Second, you may provide the full config and traceback of your experiment and error. If it is connected with stacking of different number of points per scene you can try adding dict(type='IndoorPointSample', num_points=20000)
to your config.
Thank you for your reply,maybe I didn't read carefully enough,but I didn't find the model specifically designed for indoor scenes in relevant papers, such as votenet. Which work mentioned this problem?
The configuration is as follows:
`base = [ '../base/datasets/kitti-3d-3class.py', '../base/models/groupfree3d.py', '../base/schedules/schedule_3x.py', '../base/default_runtime.py' ]

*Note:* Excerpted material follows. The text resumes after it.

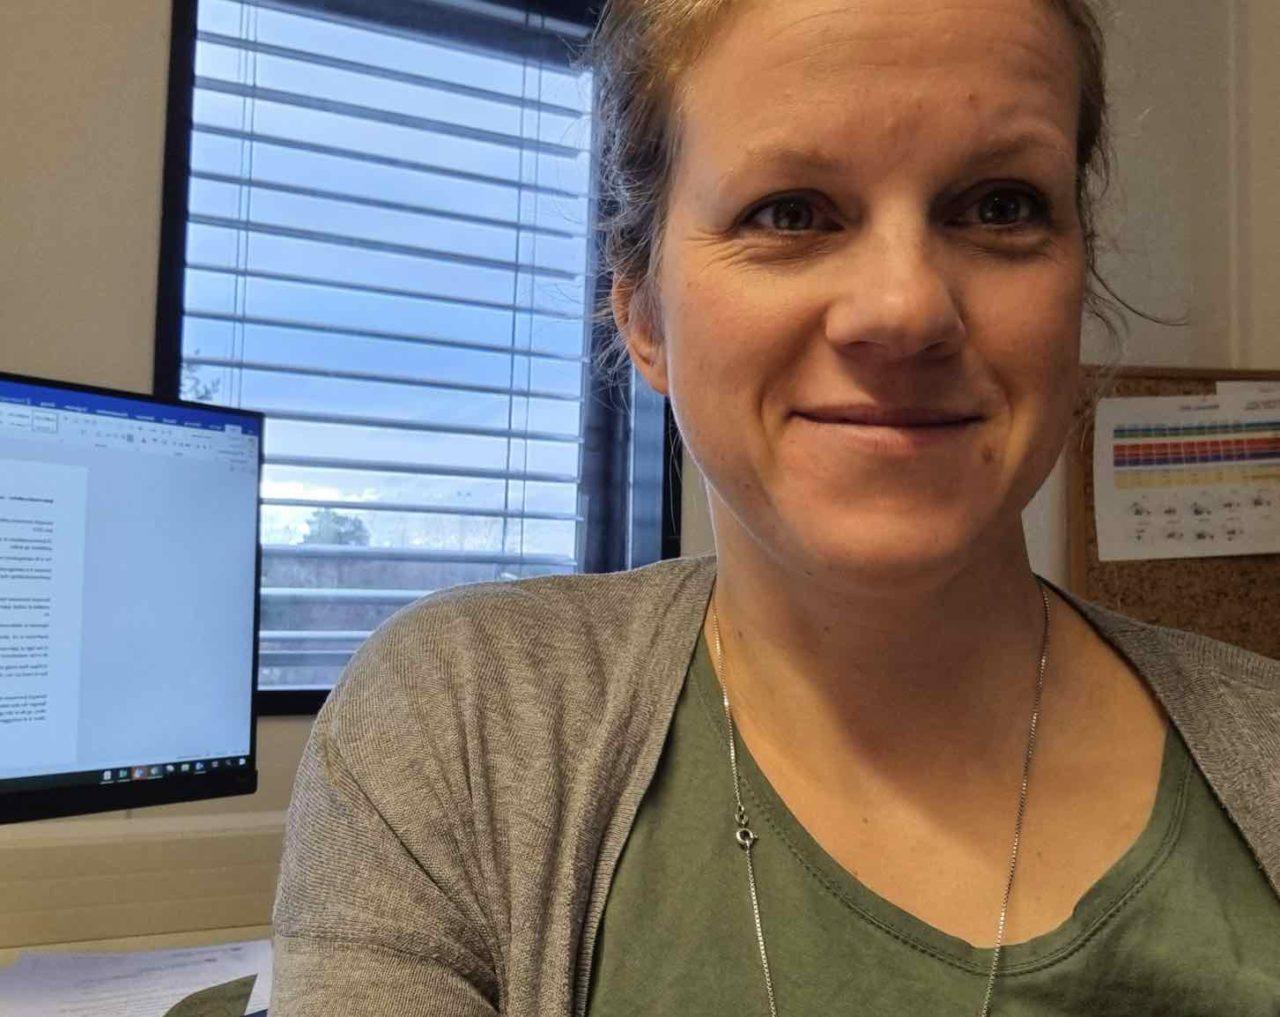 Kristin-Norbye-Bekkelund-1280x1017.jpg

model = dict( backbone=dict( type='PointNet2SASSG', in_channels=3, num_points=(2048, 1024, 512, 256), radius=(0.2, 0.4, 0.8, 1.2), num_samples=(64, 32, 16, 16), sa_channels=((128, 128, 256), (256, 256, 512), (256, 256, 512), (256, 256, 512)), fp_channels=((512, 512), (512, 288)), norm_cfg=dict(type='BN2d'), sa_cfg=dict( type='PointSAModule', pool_mod='max', use_xyz=True, normalize_xyz=True)), bbox_head=dict( num_classes=3, num_decoder_layers=6, size_cls_agnostic=False, bbox_coder=dict( type='GroupFree3DBBoxCoder', num_sizes=3, num_dir_bins=1, with_rot=False, size_cls_agnostic=False, mean_sizes=[[3.9, 1.6, 1.56], [0.8, 0.6, 1.73], [1.76, 0.6, 1.73]]), sampling_objectness_loss=dict( type='FocalLoss', use_sigmoid=True, gamma=2.0, alpha=0.25, loss_weight=8.0), objectness_loss=dict( type='FocalLoss', use_sigmoid=True, gamma=2.0, alpha=0.25, loss_weight=1.0), center_loss=dict( type='SmoothL1Loss', beta=0.04, reduction='sum', loss_weight=10.0), dir_class_loss=dict( type='CrossEntropyLoss', reduction='sum', loss_weight=1.0), dir_res_loss=dict( type='SmoothL1Loss', reduction='sum', loss_weight=10.0), size_class_loss=dict( type='CrossEntropyLoss', reduction='sum', loss_weight=1.0), size_res_loss=dict( type='SmoothL1Loss', beta=1.0 / 9.0, reduction='sum', loss_weight=10.0 / 9.0), semantic_loss=dict( type='CrossEntropyLoss', reduction='sum', loss_weight=1.0)), test_cfg=dict( sample_mod='kps', nms_thr=0.25, score_thr=0.0, per_class_proposal=True, prediction_stages='last_three'))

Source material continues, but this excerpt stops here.